Exercise aim -
Repeat the entire listing exactly. Omit all pictures.

Data extract -
Content starts

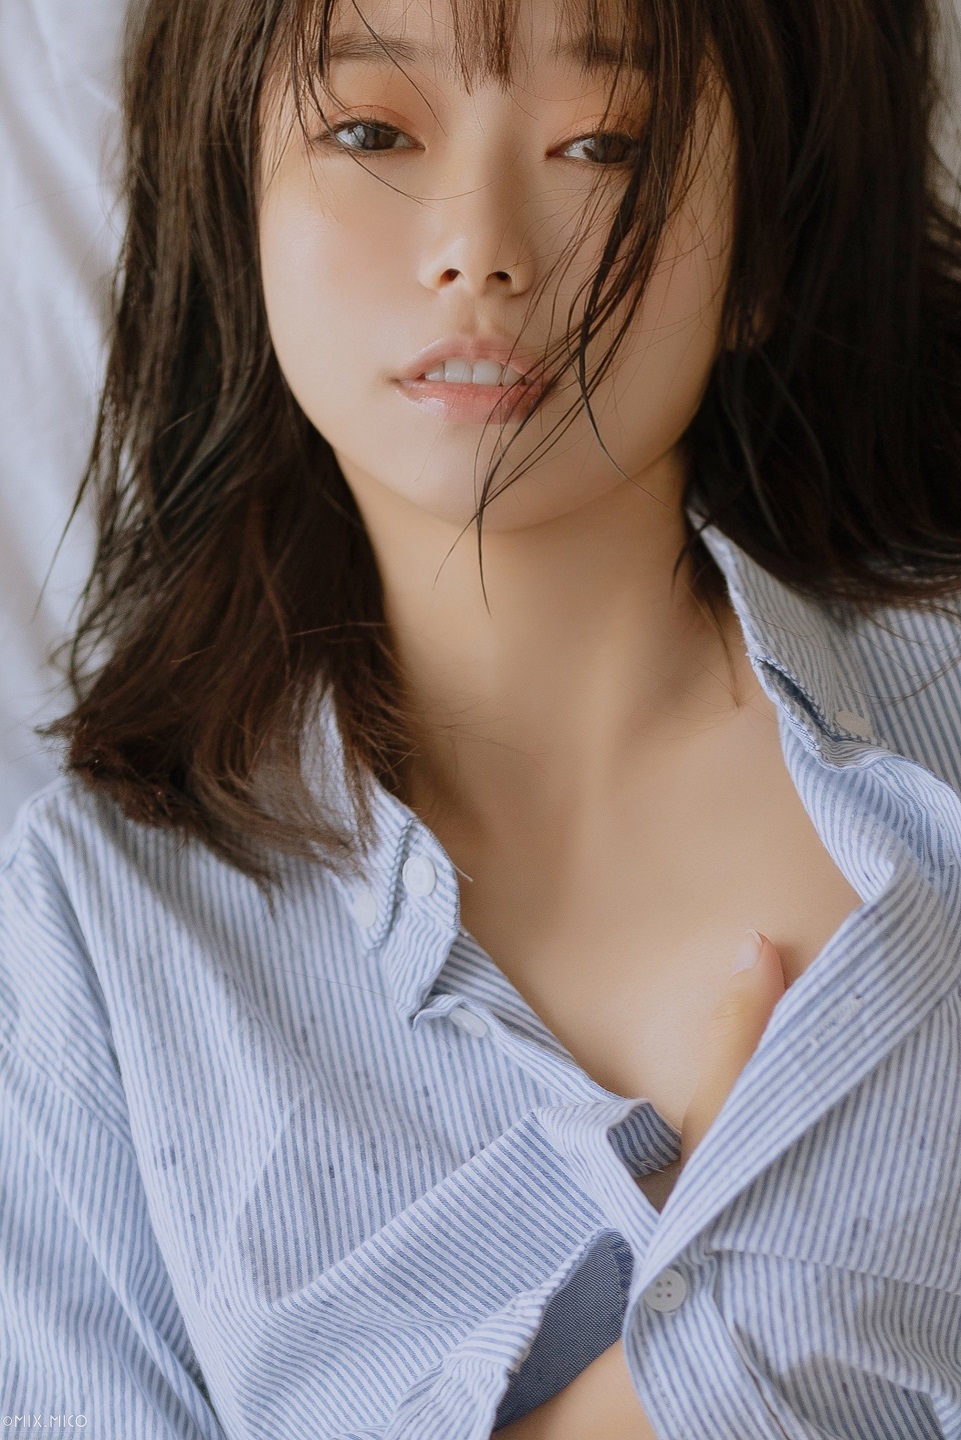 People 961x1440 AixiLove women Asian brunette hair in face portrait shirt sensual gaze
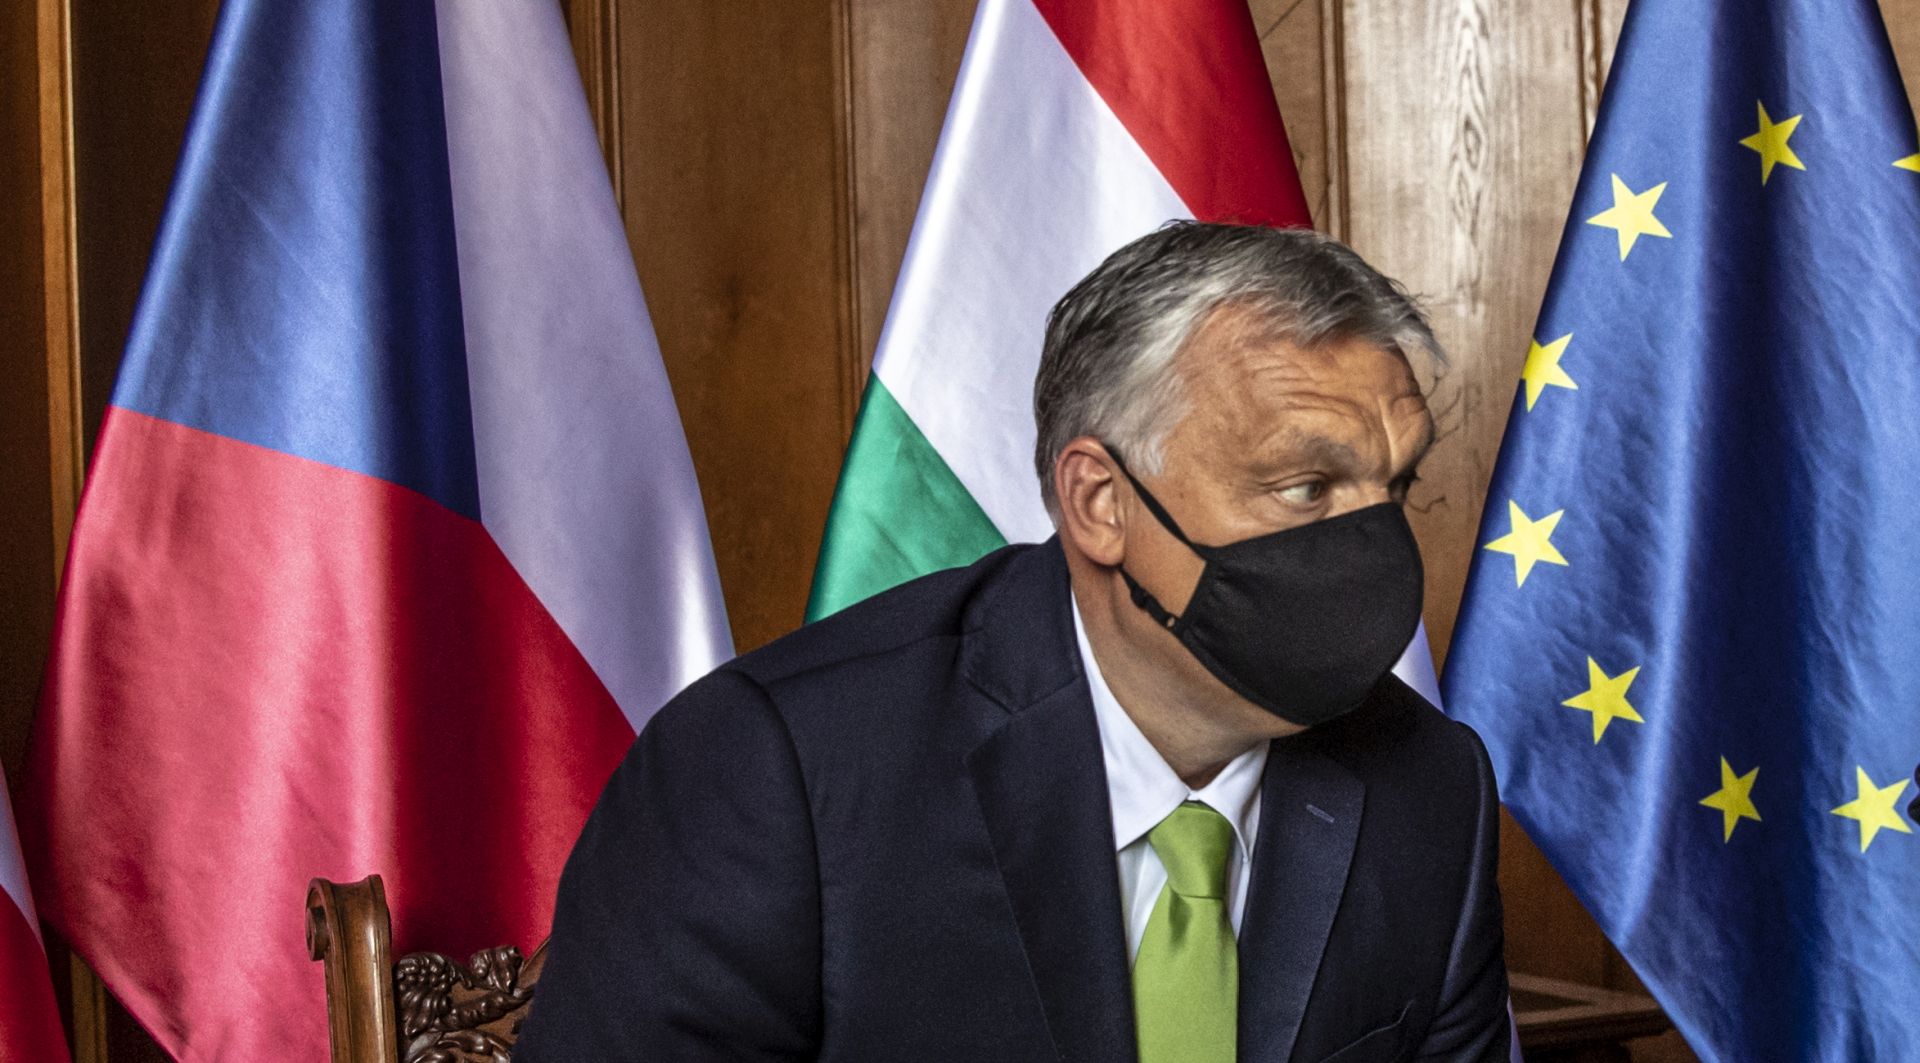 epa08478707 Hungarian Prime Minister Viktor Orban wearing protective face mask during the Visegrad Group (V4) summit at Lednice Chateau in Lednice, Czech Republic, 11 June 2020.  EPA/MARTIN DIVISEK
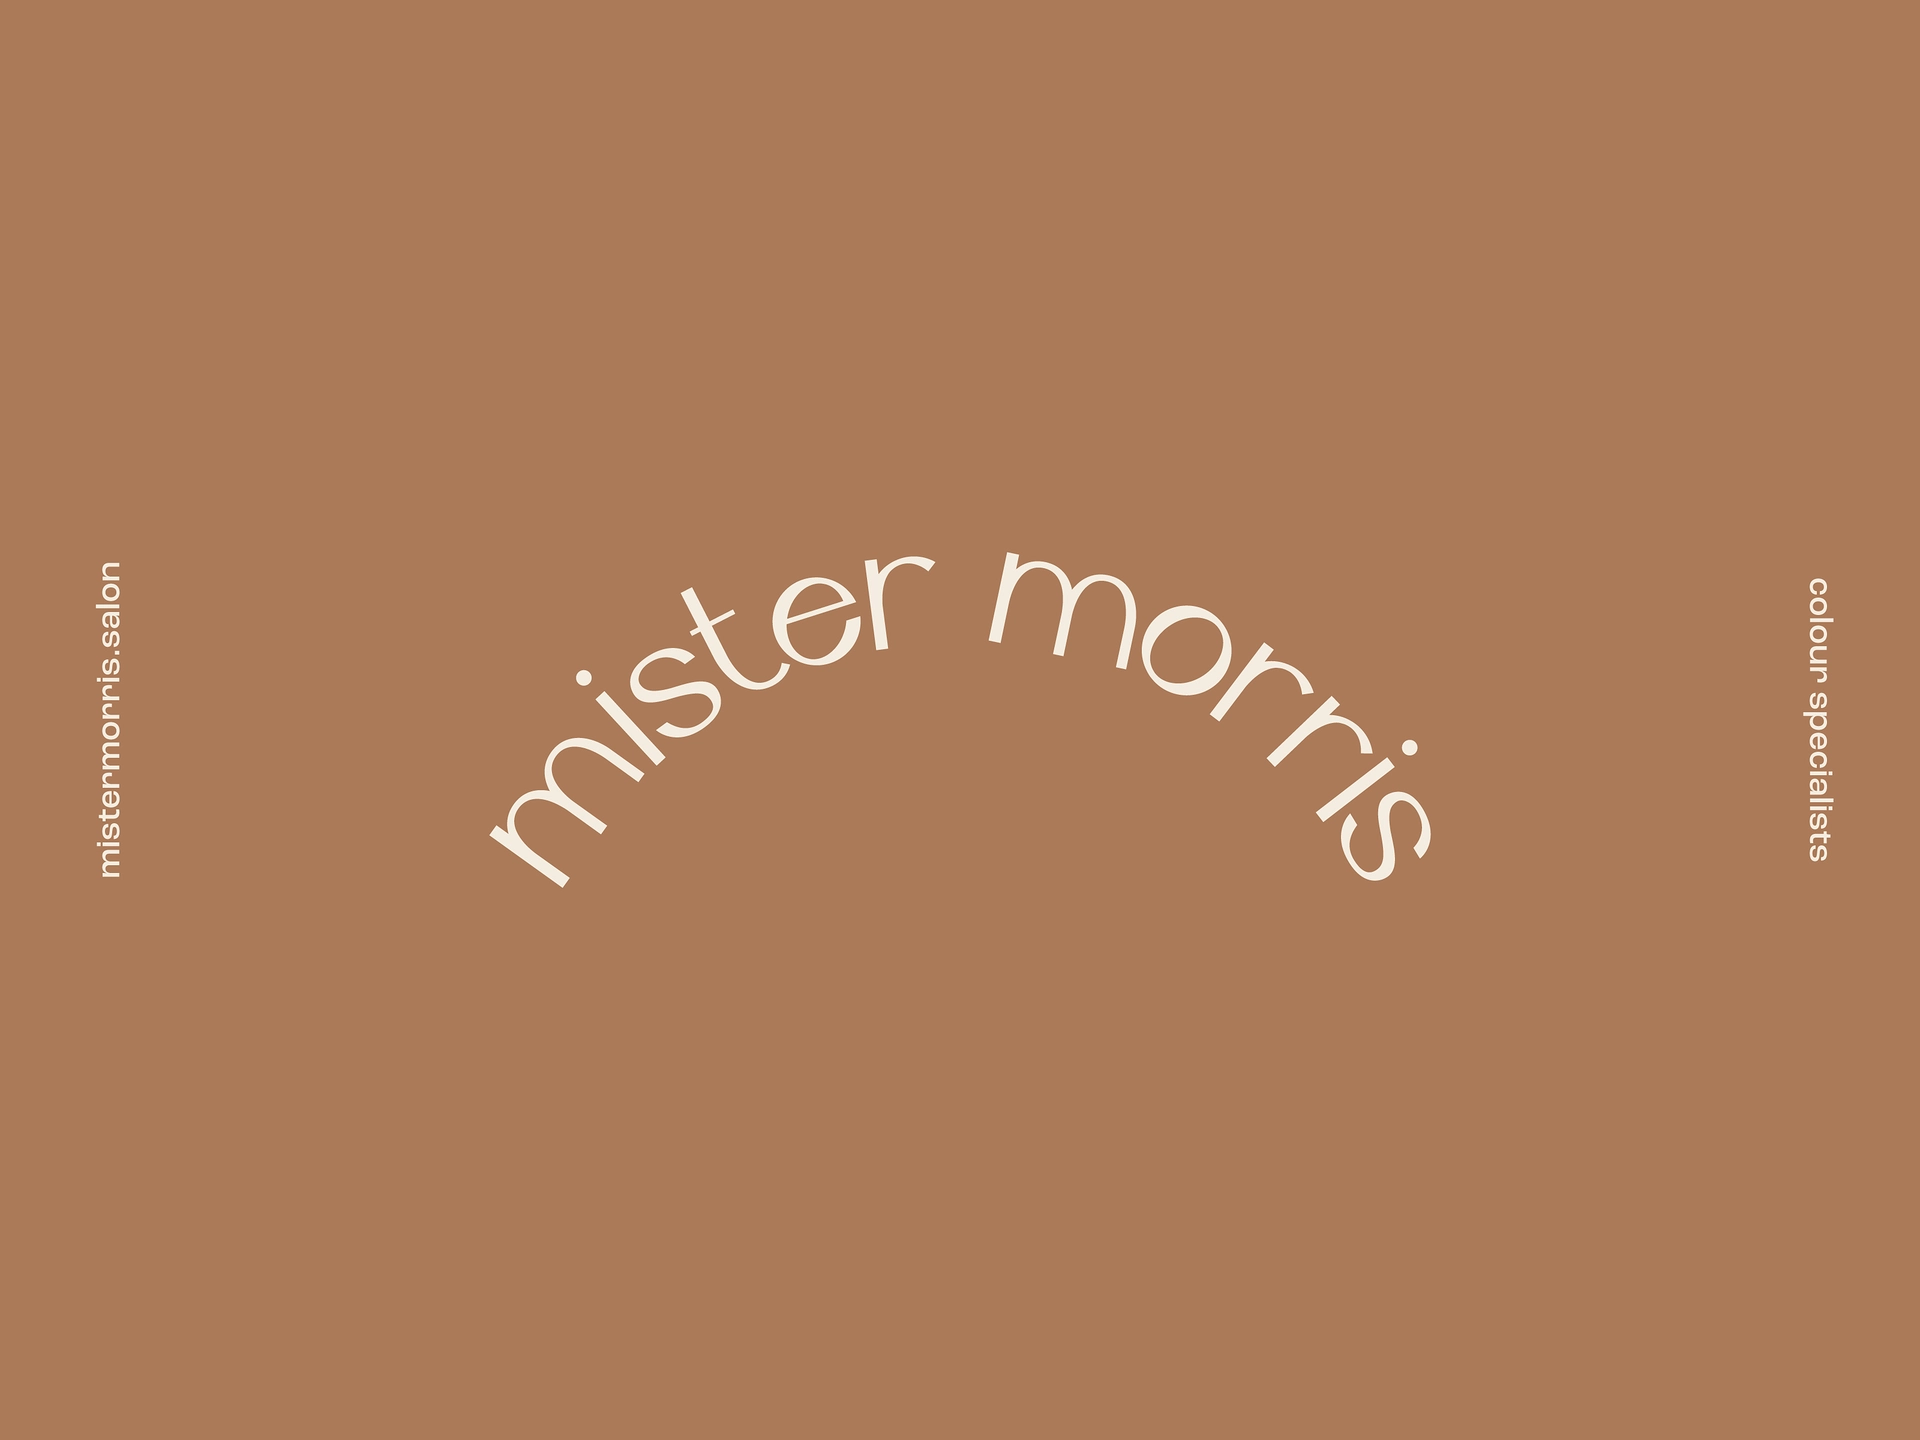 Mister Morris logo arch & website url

Content ends

Task solution -
 People 961x1440 AixiLove women Asian brunette hair in face portrait shirt sensual gaze
 epa08478707 Hungarian Prime Minister Viktor Orban wearing protective face mask during the Visegrad Group (V4) summit at Lednice Chateau in Lednice, Czech Republic, 11 June 2020.  EPA/MARTIN DIVISEK
 Mister Morris logo arch & website url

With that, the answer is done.